Kes suddenly froze, his inherited golden eyes latching onto me. “True?”

“Very true.” Pressing the button of his nose, I murmured, “Go to sleep, little one, so we can have a good day. We’ll go riding. Would you like that?”

He yawned wide, finally letting tiredness take him.

“Good boy.” Removing my hand from the cot, I moved quietly toward the door. Jethro remained, bending to give Kes another kiss. Patting his son’s tiny chest, he checked the nightlight was secure and the baby monitor switched on and synced to his phone.

The little boy who looked exactly like his namesake with cheeky golden eyes and floppy dark bronze hair snuggled in his covers, already falling into dreams as his father sneaked across the room to me.

“You do know he manipulates us to drag out as many minutes before bedtime as possible, right?”

I laughed quietly; stepping into the corridor of our wing, I left the door open a crack. “Did you sense that or just parenting 101?”

His arm snaked around my waist. “A bit of both. If we’re not careful, he’ll have us completely wrapped around his little finger.”

“Eh, I think that’s already happened.”

Leaving the nursery, we padded down the corridor of the bachelor wing. Not that it was the bachelor wing anymore. We’d transformed many of the rooms into playrooms, media rooms, and revamped the bedroom with soft whites and greys rather than overbearing brocade and maroon leather.

It’d been the only part of the house we’d renovated and removed the symbolism of Hawks on plasterwork and architraving. The rest of Hawksridge was a monument to architecture and history. It wouldn’t be right to tear apart something so rich and detailed.

The thought of heading to bed to do more than sleep crossed my mind.

After Kestrel’s birth, I’d returned to running. It wasn’t a chore. I ran for freedom, for peace. I ran because it was something I enjoyed. The baby weight came off, and I returned to designing gowns for my figure. The caesarean scar was just another mark on my body proving I’d lived a life and won. But unlike the many others scars I’d earned fighting an age-old debt, this one I wore proudly because it’d been given to me by the greatest gift I could imagine.

And soon, I would have another gift.

I had another secret.

A secret I’d managed to keep far longer than the first. Sneakily hiding my growing bump with excuses and masquerades. I’d kept my surprise hidden for two reasons. One, I wanted to see how long it would take Jethro to sense my news. I constantly expected him to suddenly drop the dishes or stop doing paperwork and announce what grew in my belly.

But ever since Kes had come into our lives, his condition had mellowed. He now had two of us who loved him unconditionally and didn’t walk a razor blade of hypersensitivity—he didn’t need to. All he needed to focus on was happy thoughts and contentment.

Before Kes was born, I’d catch him having a stressful day and try to soothe his condition by giving all the love I could share. I’d grant him sanctuary in our connection and hold him as long as he needed. Being in crowds was still too much for him. Dealing with company travel didn’t often happen as his need for silence hadn’t diminished.

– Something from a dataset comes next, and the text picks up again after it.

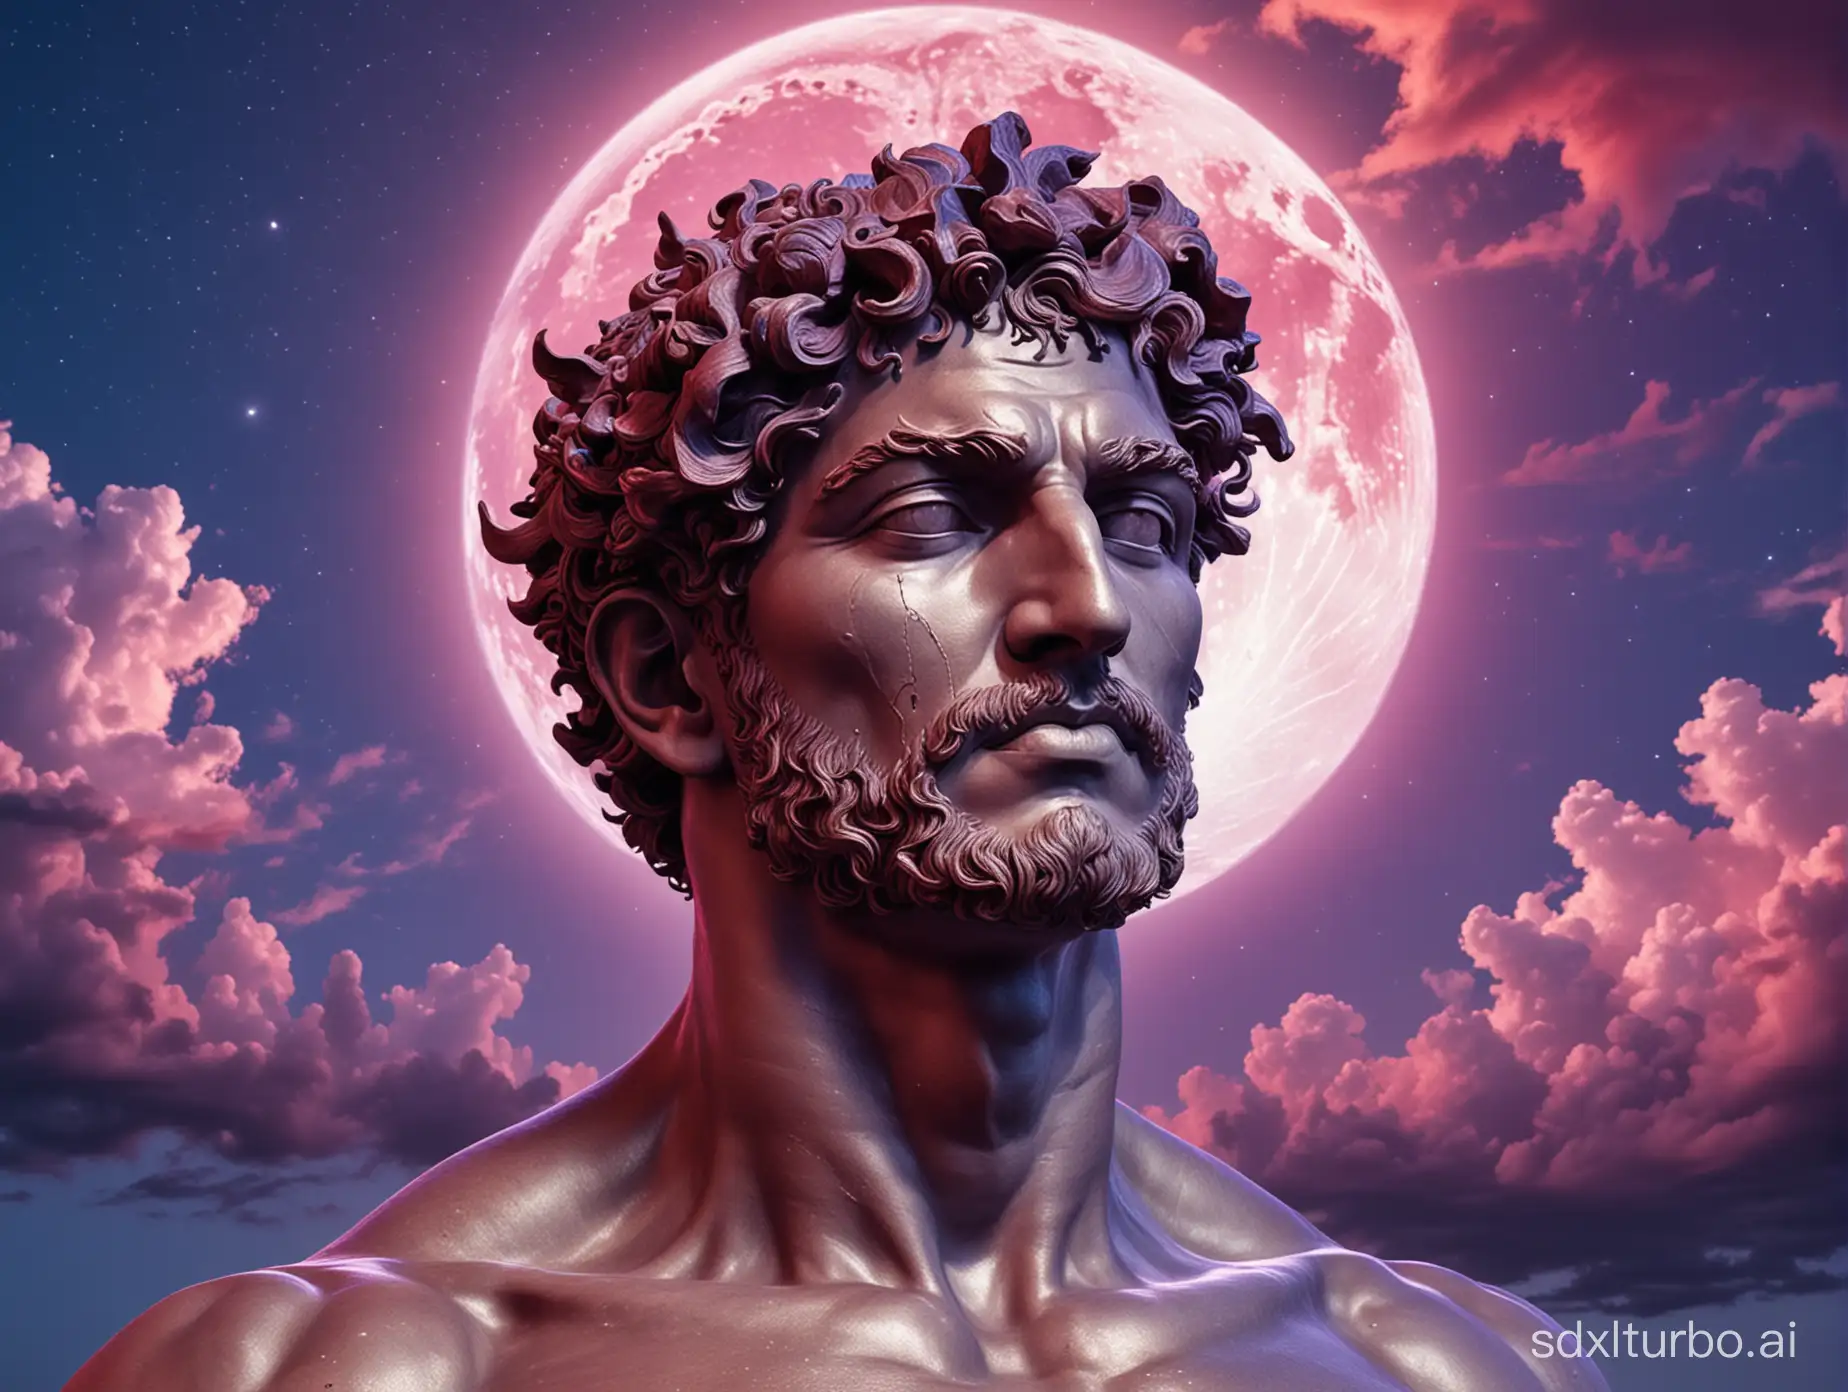 Landscape Greek god with metallic-type skin and big head and neck, big body, shining bright moon behind the face with the red purple and indigo vibrant sky with clouds behind it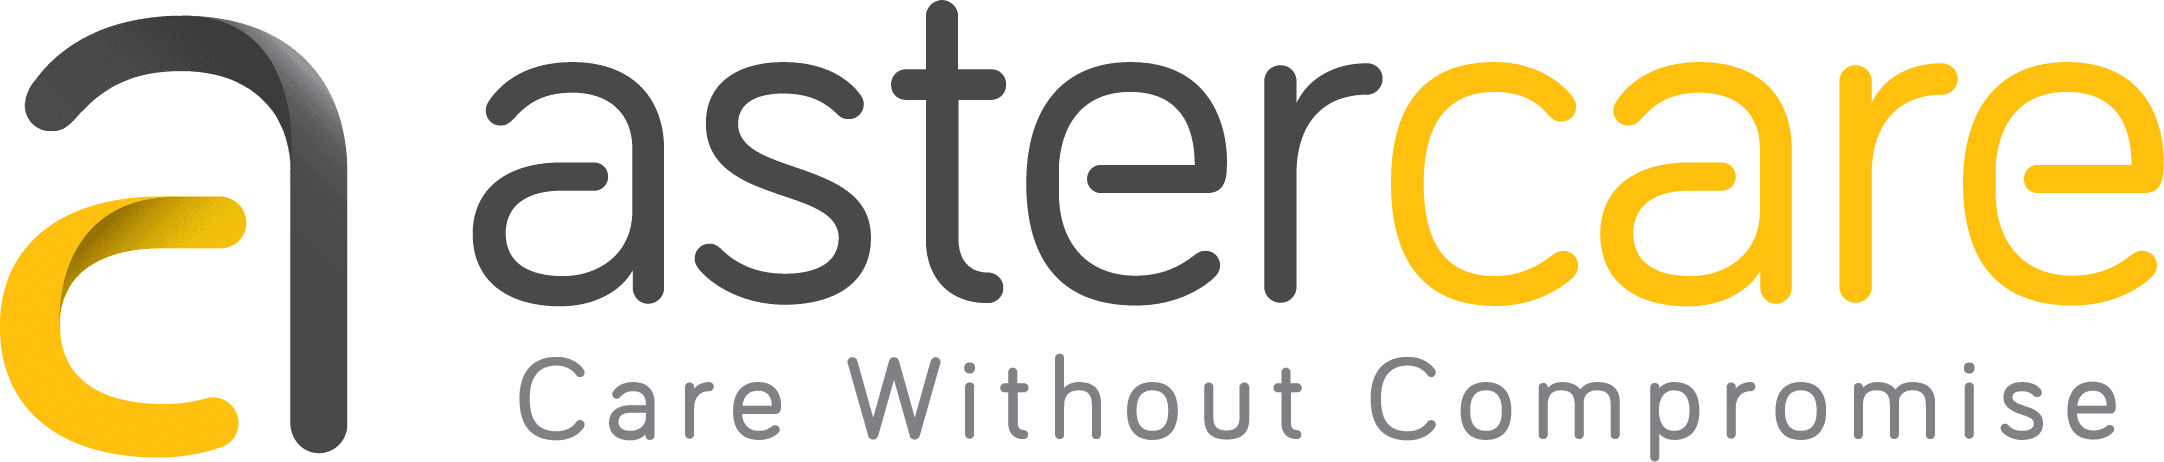 Aster Care logo with strap line "care without compromise". Aster Care provide at home care services in Portsmouth and the surrounding region.

At the start of our relationship, when he’d told me how much he would drain me, how much he would rely on my love for him, I hadn’t fully understood the ramifications of what I’d agreed to.

But now I did and it was the least I could do.

He’d given me so much. On a daily basis, he gave me more of himself than I could ever ask for, and to be able to help cure him after a long day dealing with people granted me power and connection.

But our son.

Well…he was the true cure.

Jethro only had to hug Kes and the stress in his eyes would melt. The strain in his spine would vanish, and the need for simplistic silence came from holding the two-year-old in the tightest embrace.

Two years.

I couldn’t believe we’d had Kestrel Hawk II in our lives for two years.